Economia

Depois de emprestar ao Beto Carrero, BNDES quer liquidar débito com Hopi Hari

Depois de aprovar o empréstimo de R$ 50,4 milhões à J.B World Entretenimentos, empresa que opera o parque temático Beto Carrero World, em Santa Catarina, o Banco Nacional de Desenvolvimento Econômico e Social (BNDES)vai se concentrar em executar uma dívida contraída por outro parque, o Hopi Hari, de Vinhedo, São Paulo, que deve ao banco de fomento R$ 230 milhões – algo em torno de R$ 300 milhões, segundo valores atualizados.

Em janeiro, o BNDES recebeu do Tribunal de Justiça de São Paulo aval para liquidar o débito. O banco está agora executando a dívida e vai pedir o imediato leilão dos bens do parque que já foram avaliados.

A decisão do BNDES faz parte de sua nova orientação, agora sob o comando do ex-ministro da Fazenda Joaquim Levy. Segundo fontes do banco de fomento, a instituição enxerga como um ônus a associação entre o novo empréstimo ao parque Beto Carreiro e a dívida que se arrasta há anos com o Hopi Hari, sem prazo para quitação.

Segundo o banco, o empréstimo ao Beto Carreiro representa 58,5% do plano total de investimento da companhia, que é de R$ 86,1 milhões e é focado na modernização e ampliação das atrações. Já o Hopi Hari prolonga uma Recuperação Judicial há dois anos e meio.

Em abril do ano passado, a empresa aprovou um plano de recuperação que inclui apenas as dívidas trabalhista, excluindo todos os demais credores, inclusive o BNDES. A estratégia foi conduzida pelo advogado Sergio Emerenciano, do escritório Emerenciano Baggio & Associados.
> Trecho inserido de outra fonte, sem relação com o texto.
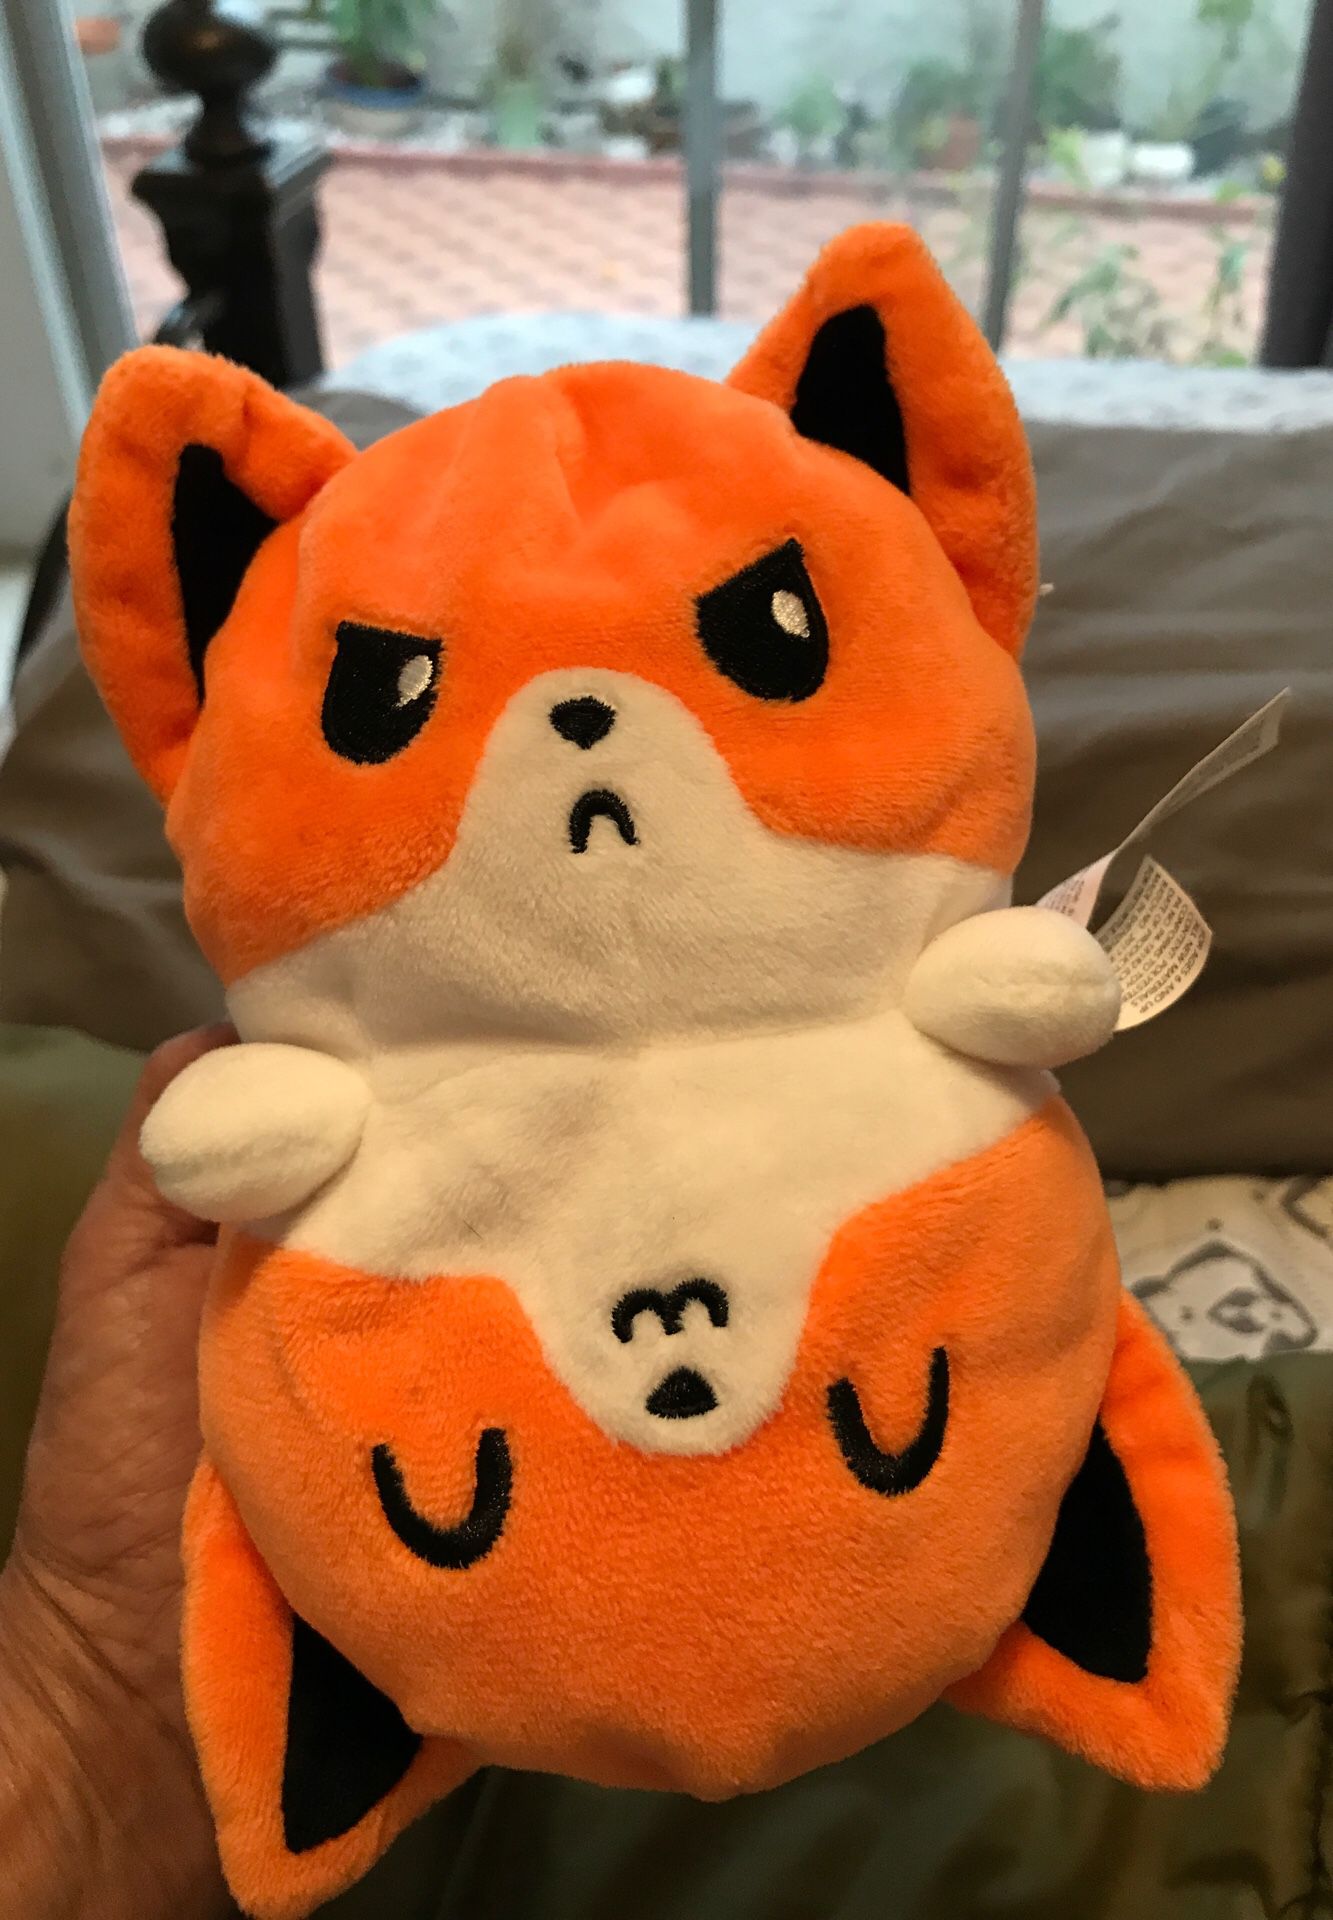 7” Teeturtle fox stuffed animal $4.00

A decisão causou uma enxurrada de processos dos credores, que partiram para ações individuais na tentativa de recuperarem seus investimentos. No começo do ano, o TJ de São Paulo anulou o plano de Recuperação Judicial do parque.

"Dificilmente o BNDES vai pedir falência de uma empresa com 400 funcionários", disse na época Emerenciano. No mês passado, o escritório protocolou a renúncia do processo. Atualmente, a empresa é representada pela banca da Barci de Moraes, de Viviane Barci de Moraes, esposa do ministro Alexandre de Moraes, do Superior Tribunal Federal (STF).

O novo escritório enviou para o desembargador um novo plano de recuperação que, basicamente, atrasa todos os pagamentos em 12 meses e prevê o pagamento ao BNDES. No entanto, a empresa não dá garantias e nem detalha como faria esse pagamento. Procurado pela reportagem, o escritório não se pronunciou.

Céticos

Apesar da nova orientação do banco, alguns credores são céticos quanto à decisão de liquidar os débitos. "O BNDES não tem interesse em fechar o parque. Mas em minha opinião têm que haver a possibilidade de receber o que emprestou. O que significa apresentar formalmente como será o pagamento e as premissas que garantam esse pagamento e suas garantias", destaca um ex-executivo do parque, que prefere não se identificar.